The outcome of the SS design process is a model tailored for the specific dataset adopted in the learning procedure, which should, therefore, cover all the working points of the plant. In general, the obtained model is not scalable without an adaptation to other processes. Developing SSs for a similar process requires, therefore, a new design procedure.

As an effort to reduce the computational time required to design an SS for similar processes, model transferability plays a key role. Transfer learning (TL) focuses on storing the knowledge gained while learning a task from a source domain and utilizing it for a different but related problem, defined as the target domain [41]. TL techniques can be divided into three classes: inductive, transductive, and unsupervised transfer learning [42,43]. In the inductive TL, labeled data in the target domain are required to induce a predictive model (here named

f_{T}

) to be used in the target domain. In the transductive TL methods, no labeled data in the target domain are available, while they are available in the source domain. The unsupervised transfer learning focuses on solving unsupervised learning tasks in both the source and the target domains, such as clustering and dimensionality reduction. No labeled data are used. A scheme of the differences among the TL methods is reported in Figure 1.

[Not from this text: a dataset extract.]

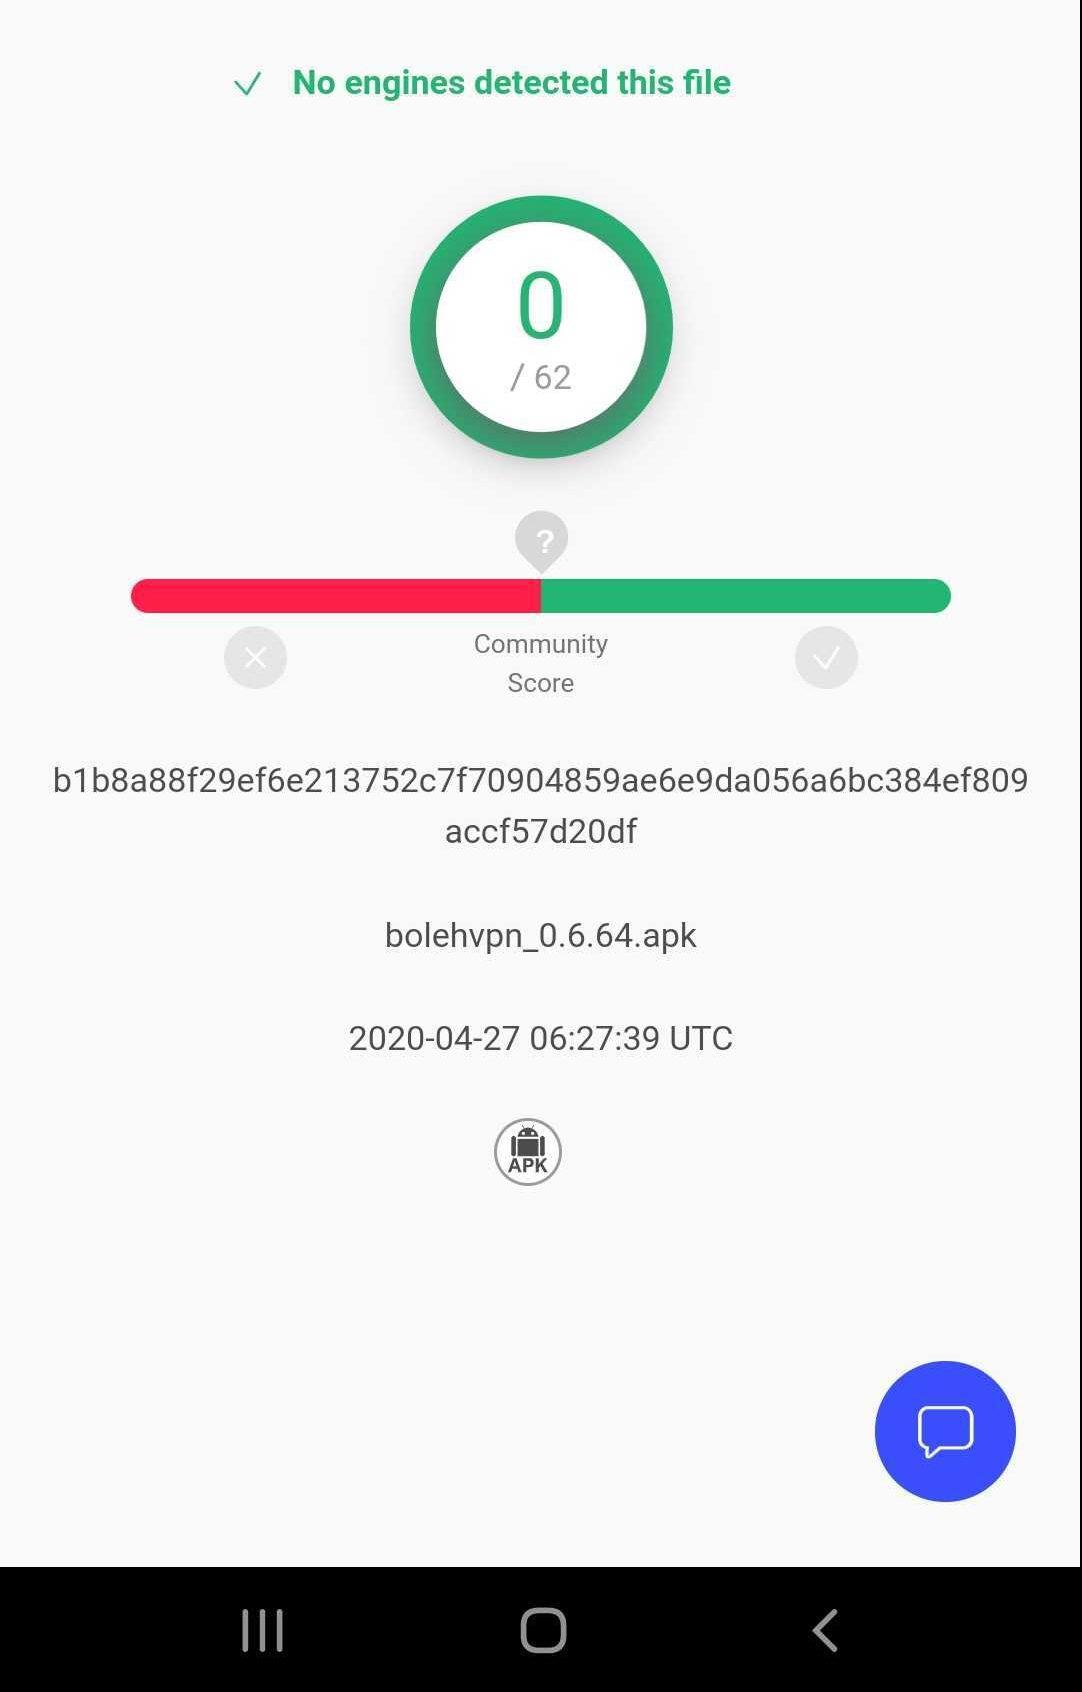 BolehVPN Scan Android

TL methods are widely diffused in applications, such as classification, image processing, and natural language processing, as described in the next section. There actually exist few studies that investigate TL technique applications on industrial processes, both for SS design [44] and fault detection and diagnosis [45,46].

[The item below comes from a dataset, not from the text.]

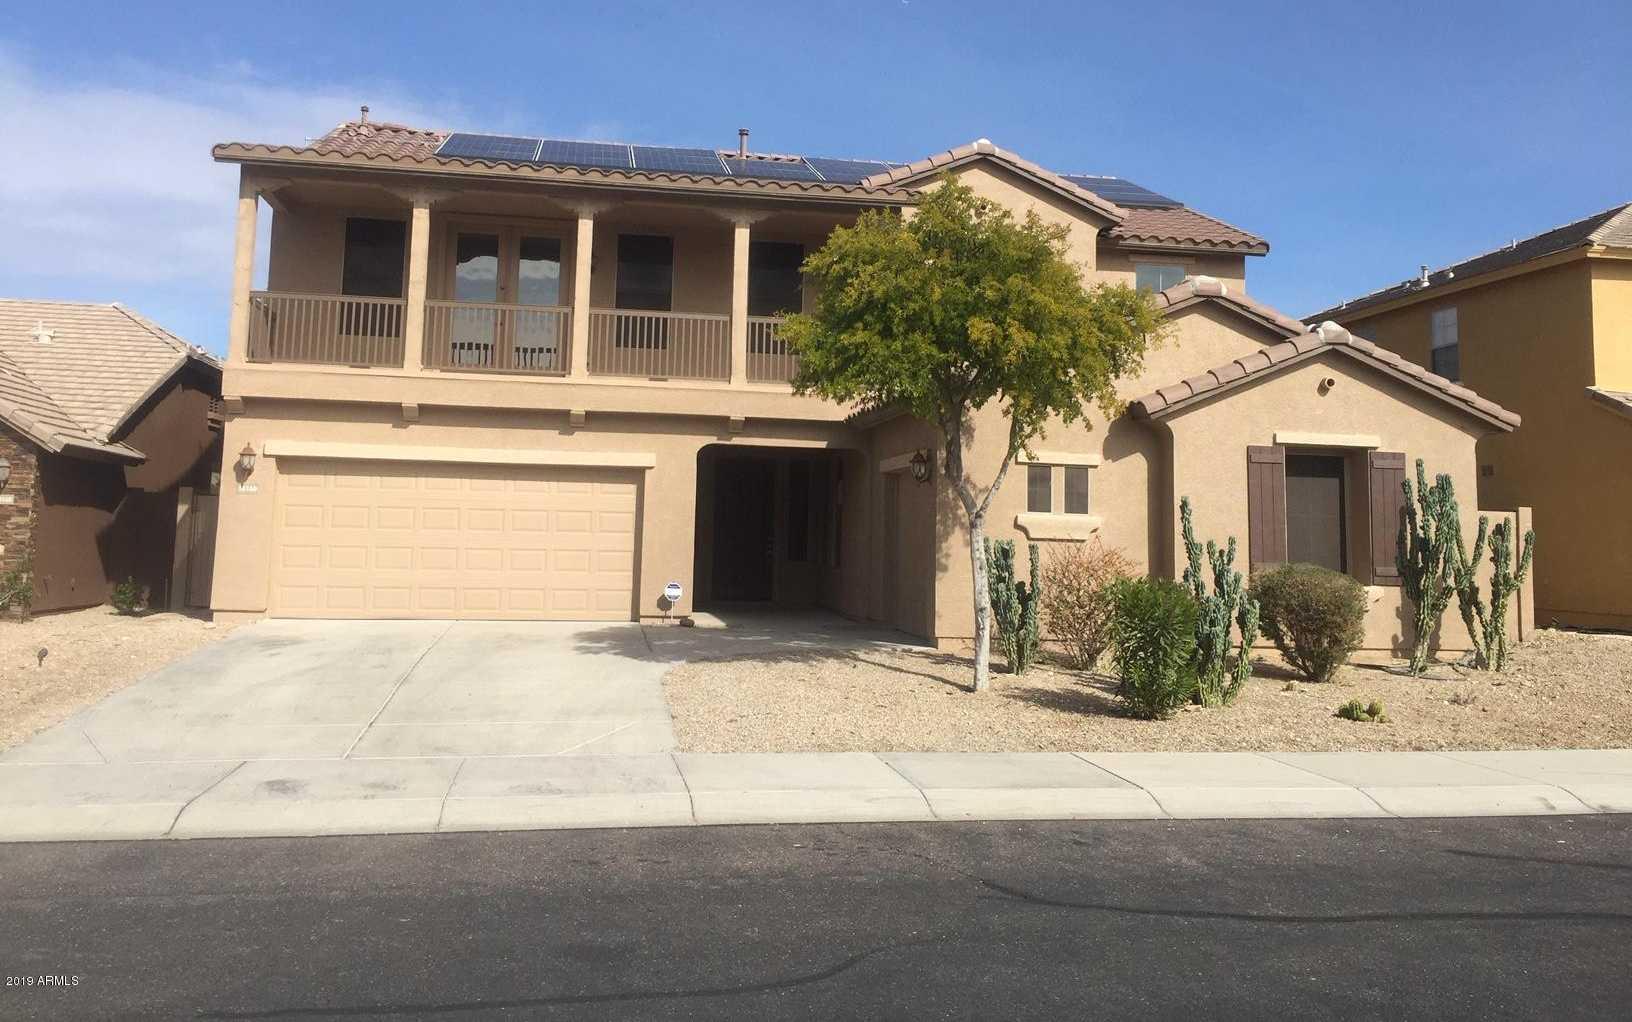 $395,000 - 5Br/4Ba - Home for Sale in Estrella Mountain Ranch Parcel 96b, Goodyear

In our work, we focus on inductive transfer learning for SS design, when a limited number of labeled data is available in the target domain. Two different strategies are proposed. The first strategy, called the fine-tuned transferred model (FTTM), consists of performing only a fine-tuning of the network weights of the optimal model designed in the source domain, with the dataset belonging to the target domain. The second strategy, called the transferred hyperparameters model (THM), is based on adopting only the optimal hyperparameters identified in the source domain to train the SS in the target domain, starting from random initial weights. RNN- and LSTM-based SSs are considered and compared in regard to transferability properties. The use of the proposed techniques allows, at the same time, to reduce the time needed to design a SS for a similar process and to cope with the problem of labeled data scarcity.

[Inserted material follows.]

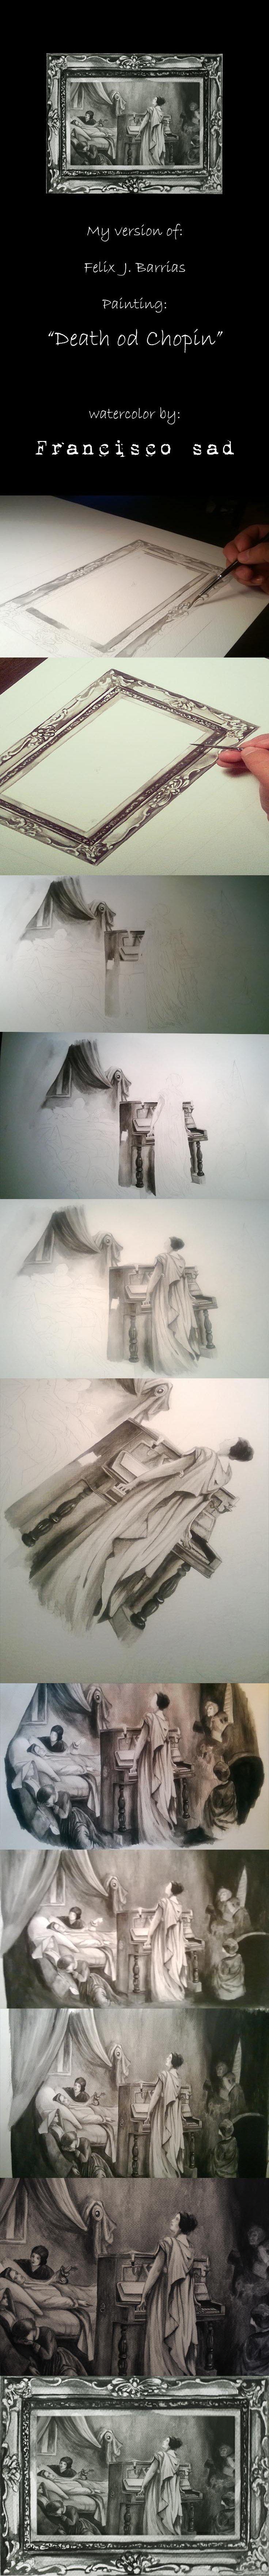 tutorial, watercolor inspired in chopi dead night

The transferability of SSs between two similar industrial processes is considered in our work. A Sulfur Recovery Unit (SRU) from a refinery located in Sicily (Italy) is considered as a case study. It is a highly nonlinear process with dynamic dependencies between input/output variables [47]. It consists of different lines that work in parallel. RNN and LSTM-based SSs have been designed for two lines of the process (i.e., SRU line 2 and SRU line 4). The transferability of models designed for SRU line 4 (i.e., the source domain) to SRU line 2 (i.e., the target domain) has been investigated.

The main contributions of this work are summarized as follows: (1) The TL methodologies are applied to SS design, which is a topic rarely considered in the TL research field. (2) The transferability of nonlinear dynamical models is considered. This aspect is relevant both in the field of SS design which, often, considers static models and in the TL applications. (3) Two dynamical neural models (i.e., RNN and LSTM) are designed and compared in regard to model accuracy and transferability. The trade-off between the performance and computational time required to transfer the SS from the source to the target domain is analyzed. (4) Two different TL approaches are presented and discussed. Both the adopted techniques have the advantage of avoiding the time-expensive procedure of hyperparameters selection for the target dataset. (5) A real-world industrial case study is considered. (6) The presented framework is successfully applied in two different scenarios, to outline the advantages in presence of labeled data scarcity in the target domain. To underline this aspect, analyses including datasets with similar size and datasets with a reduced amount of data for the target domain are reported.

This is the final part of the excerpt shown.